Best movie job on Hemingway, to date. I persist in believing that Zoltan Korda is one of the best directors in Hollywood.


Earlier, from Agee on April 7. 1947:


THE MACOMBER AFFAIR (United Artists) is a screen version of Ernest Hemingway's excruciating study of the relationships between an ill-married American couple and their hired English hunter-guide, and of the relations of all three to what Hemingway once called grace under pressure.


Since the three are hunting big game in Africa, the pressures are primitive, and considerable. Macomber (Robert Preston) is a good shot but he lacks courage in a crisis and the sportsman's sense of honor towards his quarry. Besides, he talks too much about himself.

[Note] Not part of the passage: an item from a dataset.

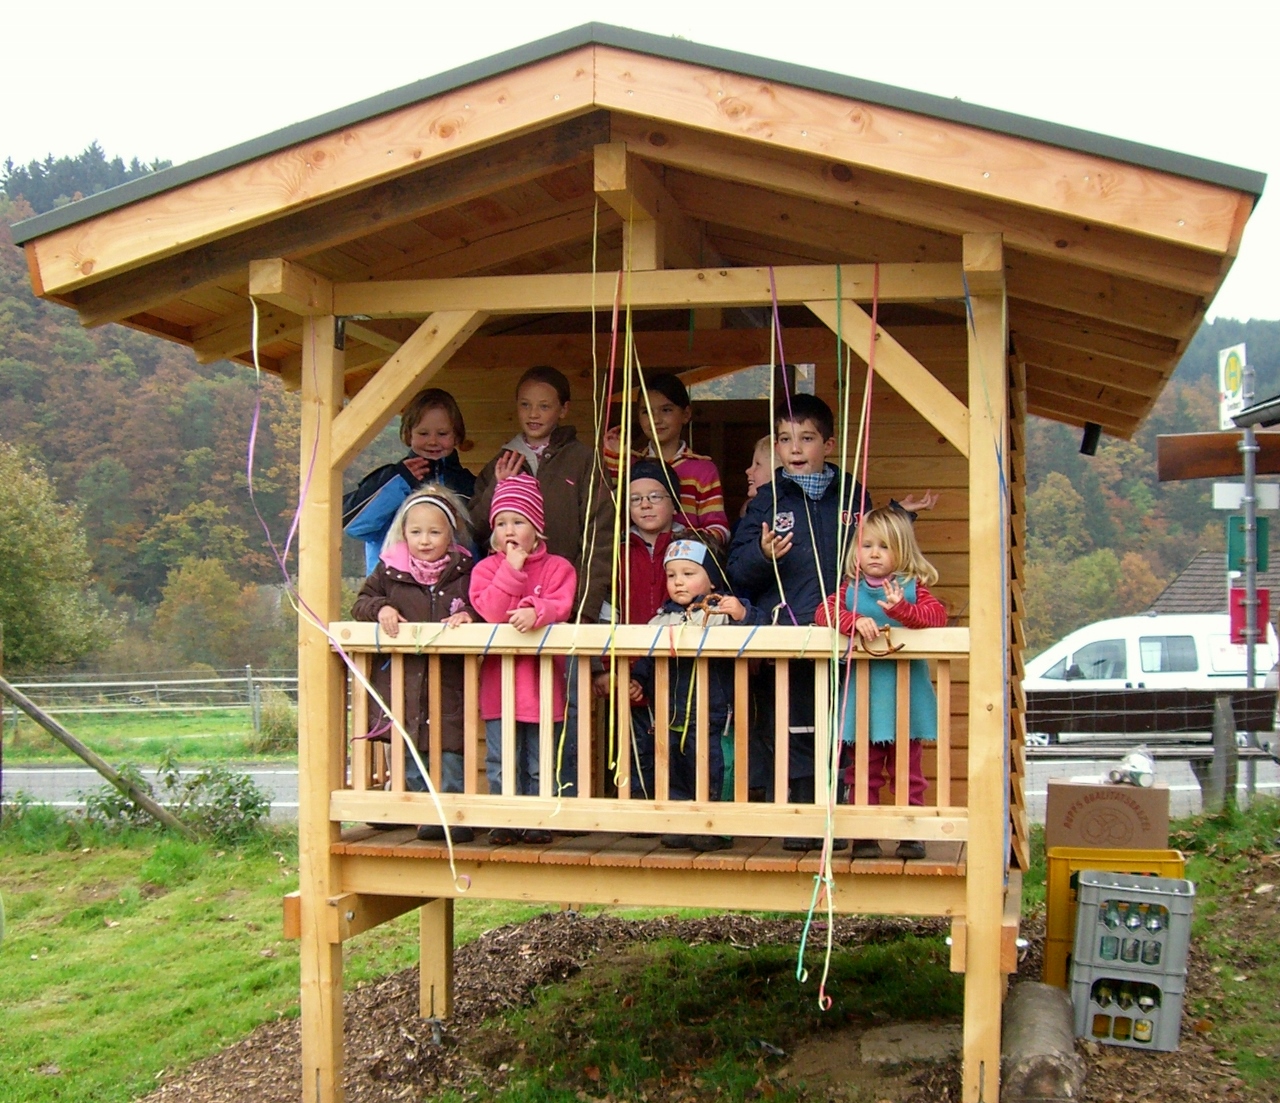 Das Spielhaus auf dem Spielplatz in Seelbach mit vielen Kindern

The hunter (Gregory Peck), on the other hand, is everything a Hemingway hero should be. Mrs. Macomber (Joan Bennett) is not slow to choose between them nor delicate in showing her preference in several almost unbearably ugly scenes of cruelty and humiliation.


Under the pressures, Macomber finds his courage for the first time in his life. Finding it, his life really begins and his abjectness towards his wife is at an end. Mrs. Macomber promptly shoots him through the head.


According to Hemingway, she shoots him deliberately. According to Mrs. Macomber in the movie, it was just a tragic accident, and the audience is left to make up its own mind.


Up to this point, MACOMBER is a brilliantly good job, the best yet, of bringing Hemingway to the screen. None of the three principal players could possibly be improved on. The African landscapes and hunting scenes (which were made in Africa and Mexico) are as believable as a neighbor's backyard.


Director Zoltan Korda has already made two films in Africa, which is a help in this particular picture. Still more important, he knows people, and style, and atmosphere, and how to make them vivid on a screen. There is hardly a point that Hemingway made in this savage, complex communiqu? about the war between the sexes that Korda and his actors fail to make in movie terms.


In fact, a good 95% of MACOMBER is a remarkably exciting picture for mature audiences. The worst of Hollywood's improvements on the original story is the did-she-or-didn't-she ending which pulls the fuse out of Hemingway's whole payoff.